Mother Nature’s near-perfect snack is tree nuts. They’re one of the healthiest and easiest snack foods. From boosting memory and brain power to protecting against cancer, research has shown the power of this snack.

Studies find walnuts have the most antioxidants, about twice that of other nuts, and polyunsaturated fats, that help reduce cholesterol and protect the heart, omega-3s, melatonin, and protein.

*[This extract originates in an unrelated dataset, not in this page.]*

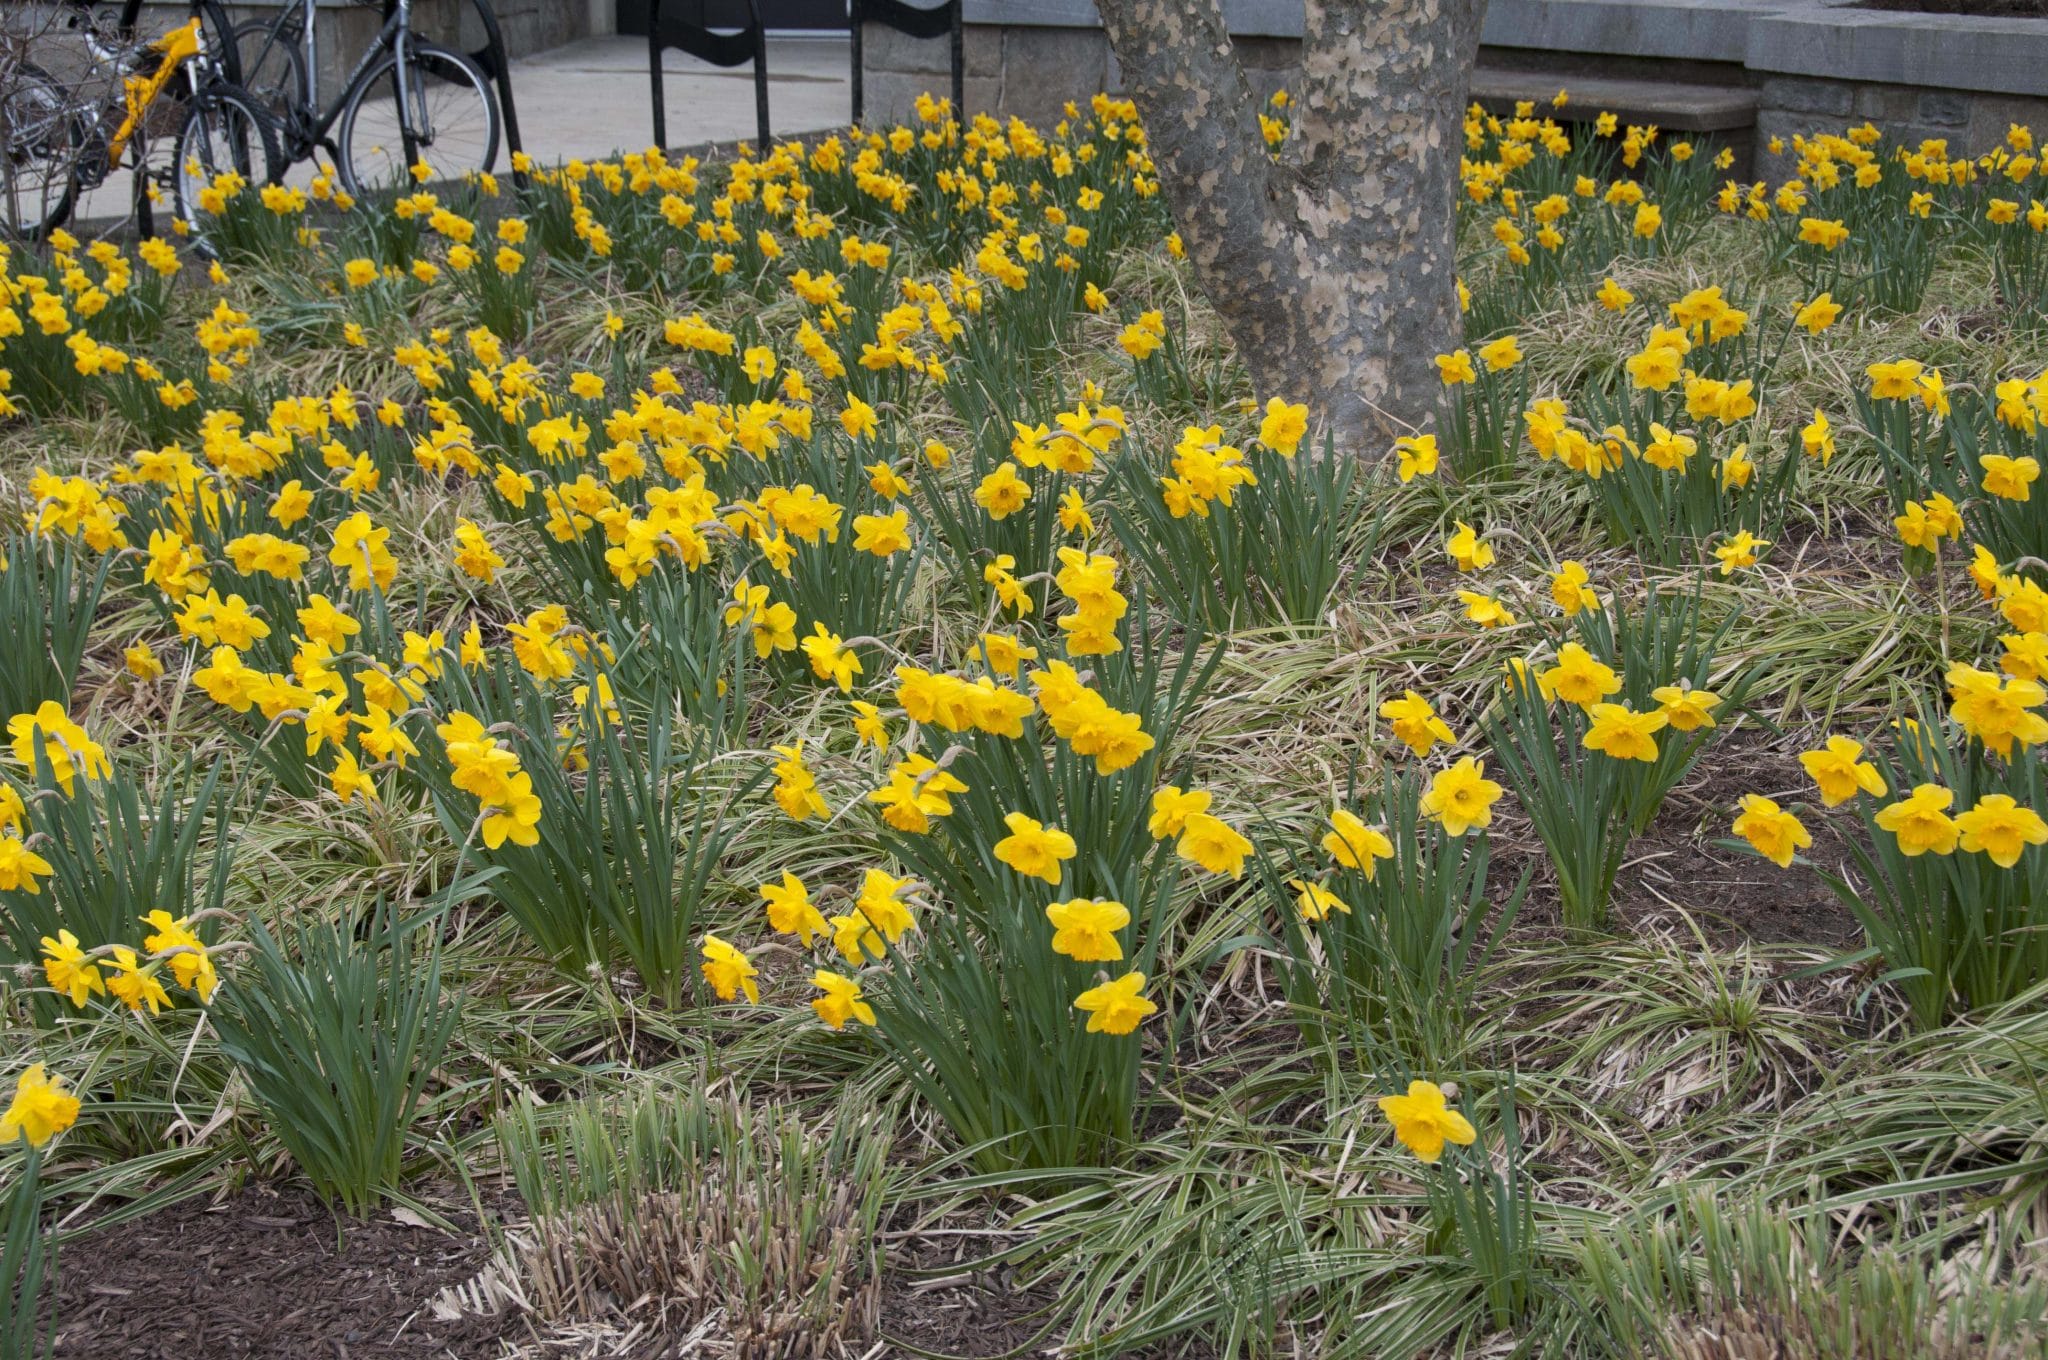 Daffodils with ornamental grasses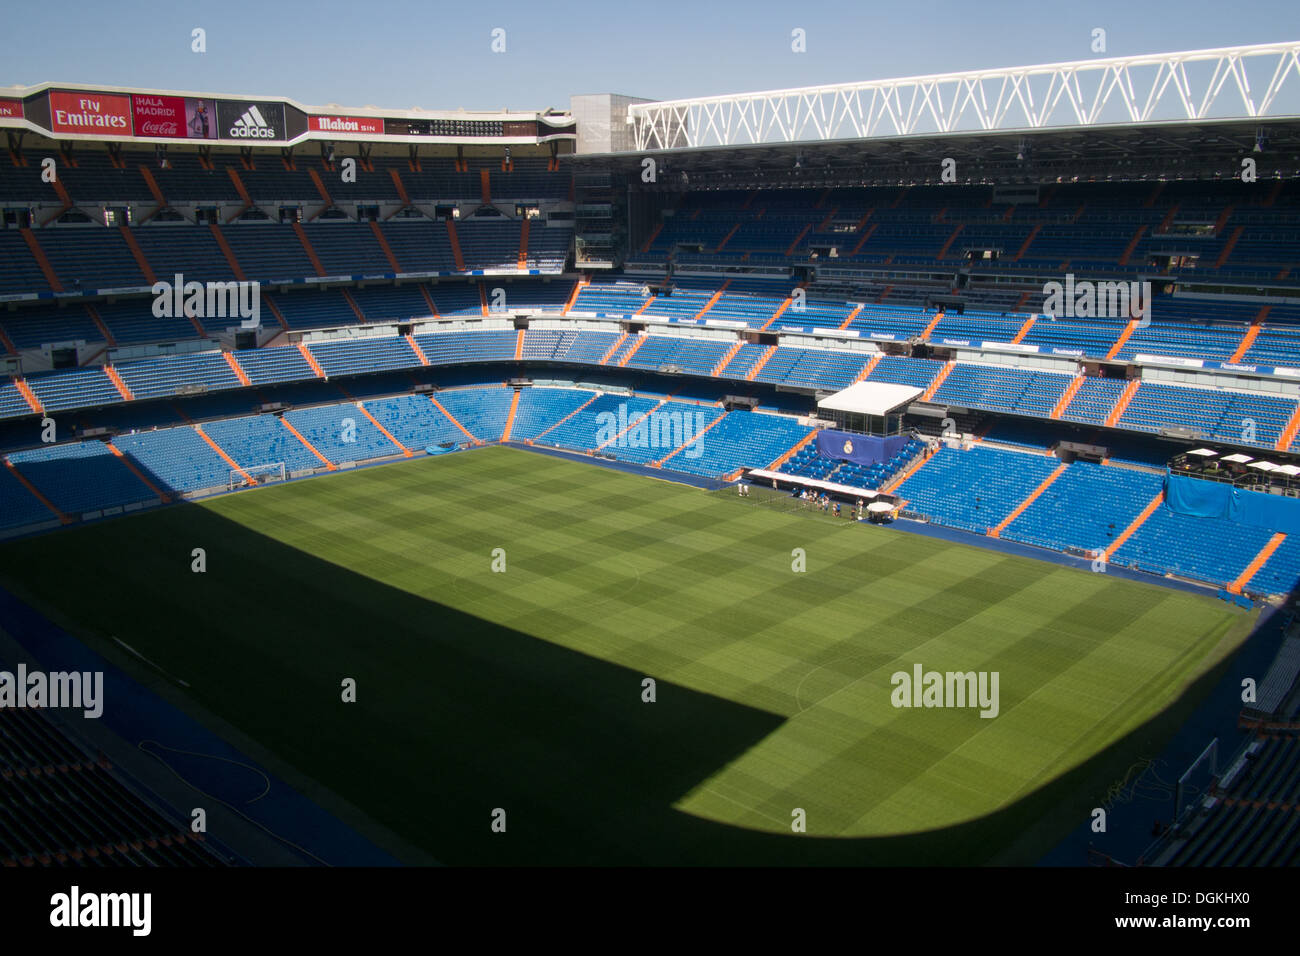 Le stade de football du Real Madrid, Madrid, capitale de l'Espagne Banque D'Images

If walnuts aren’t your first choice, munching on other kinds still has plenty of benefits. Nuts actually lower levels bad cholesterol in your blood. Try substituting a serving of nuts for a food that’s high in saturated fat, like red meat, eggs, and whole-fat dairy.

Almonds
  • Packed with protein, fiber, calcium, and iron.
  • Very high in monosaturated fat, or the heart healthy fat.
  • One of the best sources of Vitamin E, which protects against cancer and stroke.
  • Per 1 ounce serving: 160 calories, 14 grams of fat.
Cashews
  • Good source of monosaturated fat.
  • Per 1 ounce serving: 155 calories, 12 grams of fat.
Pistachios
  • Great source of potassium.
  • High in monosaturated fat (almost as much as almonds).
  • Per 1 ounce serving: 160 calories, 13 grams of fat.
Peanuts
  • Has more protein than tree nuts.
  • Per 1 ounce serving: 170 calories, 14 grams of fat.
Pecans
  • Great choice for fighting high cholesterol because they’re low in saturated fat.
  • Per 1 ounce serving: 200 calories, 20 grams of fat.

Get Moving

Being active is one of the most important things you can do to help control your blood pressure and lower your cholesterol, as well as lower your risk of heart disease. It doesn’t have to take much time, in fact, you can easily add the recommended 30 minutes of physical activity a day simply by changing your routine.

For example, try:

  • Taking a 10-15 minute walk during your lunch break.
  • Jumping rope for 15 minutes.
  • Gardening or raking leaves for 30 minutes.
  • Going for a walk in the park with your family.

Make sure you talk to your doctor before you start a new diet or exercise routine.